Don't worry, she's not just a sex object, she's also a metaphor for the Mexican Revolution

All the while there are trains being robbed and bridges/water-towers being sploded, many many many horse chases, double-crossing goat-herders, and your omnipresent whiskey bottle. Which brings me back to my first point. Often The Professionals feels less like its own story and more like a plot that is quoting other westerns. Or, as I put it to a friend the other day, this movie is the equivalent of a late career album from a big name Rap star. The new material here is half-assed and the framework is largely there to support guest stars, only instead of Busta Rhymes, Lil Wayne and Drake, here’s Palance, Marvin and Lancaster. Like the folks on a bloated non-essential rap album, these actors are going through the motions. They know what a western is supposed to look and feel like, they just don’t come off as if they believe in it this time around.

And yet there’s that prickly point that our heroes are former freedom fighters for the Mexican revolution under Pancho Villa. They willingly fought (obviously money was involved, but still) and put their lives on the line for, and my Mexican history isn’t great so bear with me, the radical politics of socialism. Now it would be one thing if they did this solely for cash. But late in the film we see the professionals have bigger hearts than all that. They turn down 10K a piece for the equivalent of True Romance. Revolutions themselves are often romanticized, you need look no further than to see how some folks in US Politics transform our founding fathers and willfully ignore or edit away their more sordid deeds. Yet this move, turning down the money, implicates our heroes a bit. One has to wonder what their involvement with Villa actually means. It couldn’t have just been about the money.

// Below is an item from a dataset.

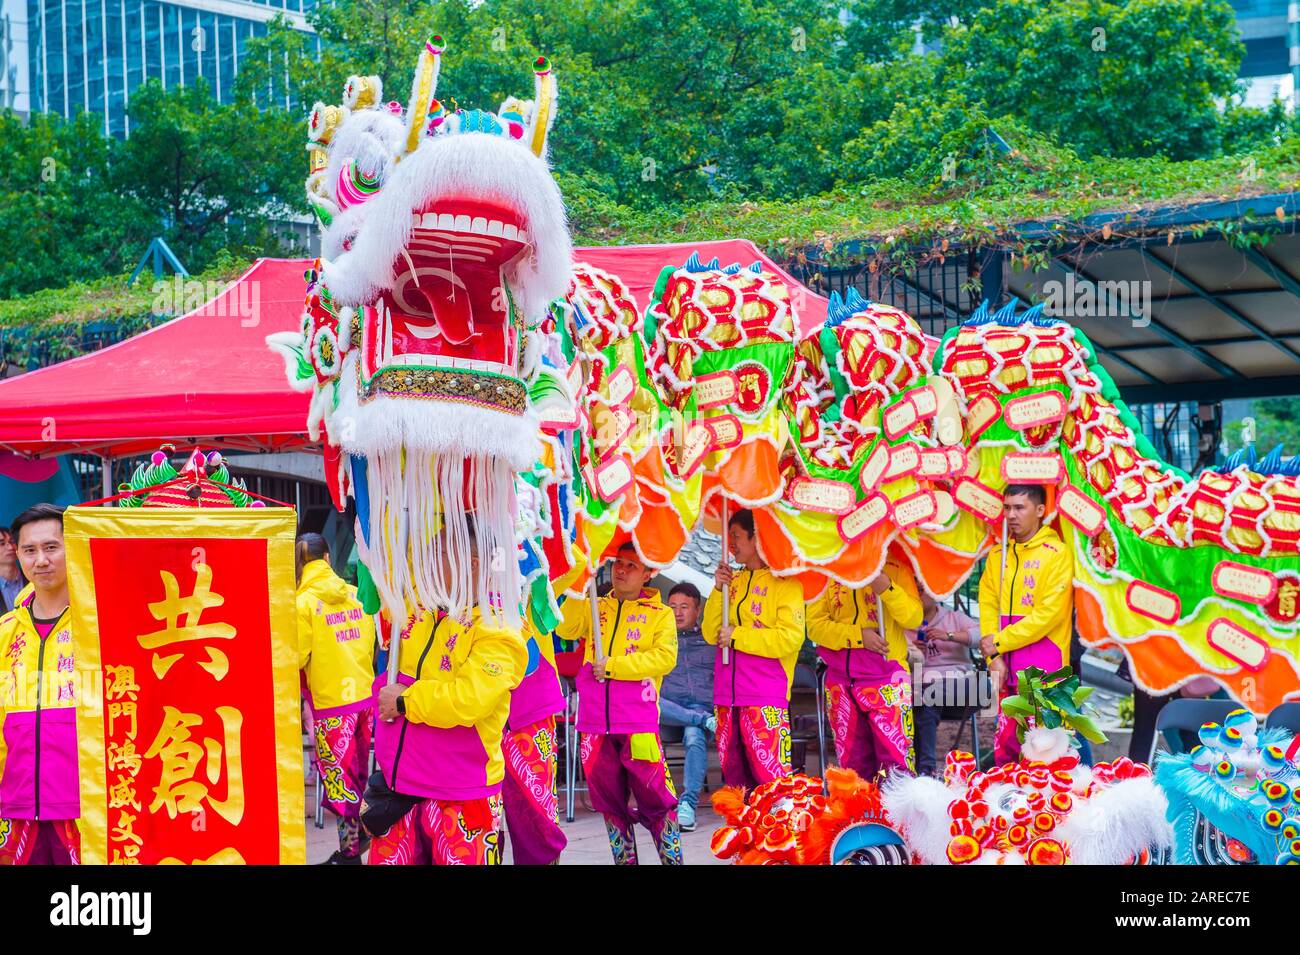 Dancers are waiting for a performance during the Macau International Dragon and Lion Dance Day event at Praca da Amizade in Macau Stock Photo

Then again this is a big action flick, and maybe we’re not meant to think so much. Just look at Burt’s eyes and easy smile believe him when he says “I was born with a powerful passion to create. I can’t write, can’t paint, can’t make up a song…” (Here his colleague interrupts and adds) “So you explode things,” and Burt finishes, “Well that’s how the world was born. Biggest damn explosion you ever saw. ” Maybe they fought because the fighting was there. Maybe they blew up stuff because it was fun. Or maybe they actually gave a damn.